There you have the three main storylines dominating the future, bar the Max Branning-Kirsty situation and Phil's romance with Sharon, and if they can wrangle Ronnie into those, they will.

As I said, I can live with The Ronnie Show for six months, as long as she leaves on schedule. I don't think her return will mean she'll leave with Jack. Scott Maslen is due to leave the screen in late autumn, Steve John Shepherd afterward; thus, I think EastEnders' Christmas 2013, will be entirely Moon-centric. Could there be something in a Ronnie-Michael connection? The meeting of two great psychopaths? Who knows?

Mute Banana, a contributor to Walford Web Bully Emporium and Kindergarten, is a long-time viewer with whom I rarely agree regarding his misogynistic interpretation of EastEnders, but he raises an interesting point: perhaps Ronnie is returning to facilitate Roxy's departure?
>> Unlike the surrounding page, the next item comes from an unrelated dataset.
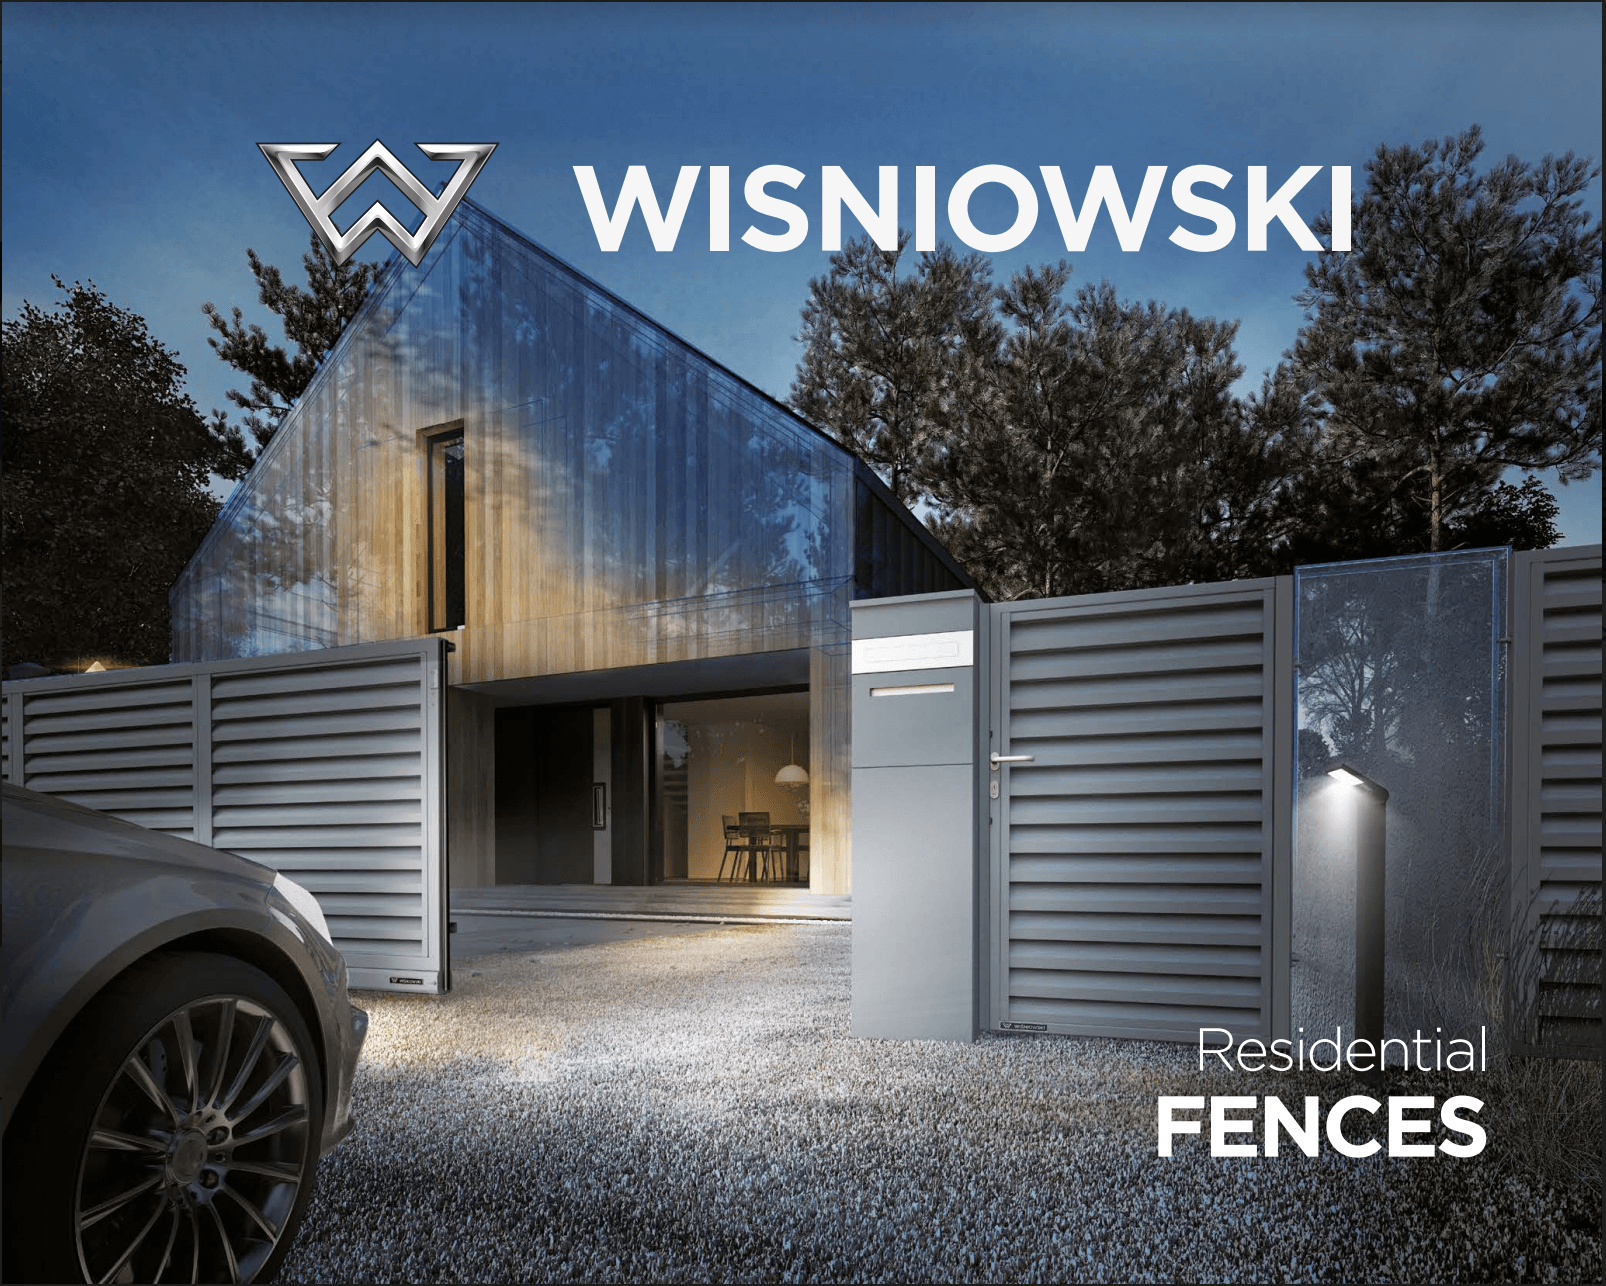 wisniowski industrial fence brochure

Now this is interesting. Newman would, naturally, keep any inkling of Rita Simons' leaving a secret, but I can see a dumped Roxy, secretly pregnant with Alfie's child, skulking away from Walford with her control-freak sister back to the safe haven of Ibiza, where she'll deliver a child Ronnie can control. It also leaves a door open for Roxy to return and cause problems in the future for Alfie and Kat.

Finally, whilst on the one hand I'm surprised at Womack returning so soon (I expect a hefty pay packet will come in nicely for the school fees), I'm not, in hindsight, on the other hand. Bryan Kirkwood and Lorraine Newman oversaw the return of Kat and Sharon. A writing room, the majority of whom were totally unfamiliar with these characters, have fucked their characterisations up, almost beyond redemption. Two much-loved female characters are now hated and derided. Bianca, a heart-rendering little cockney sparrow with drive and a business sense, under the past two regimes has been rendered a retard.

But Ronnie was a post-2006 character, and most of the hacks in the writing room know her well. In what will seem on the surface to be a brilliant coup by the beleagured and pedestrian Lorraine Newman, is really familiarity breeding contempt.

I wish Womack well in her latest six-month stint on the show, but I hope she doesn't stay a minute longer than she's contracted. I hope she gives Ronnie closure, and I hope she doesn't return.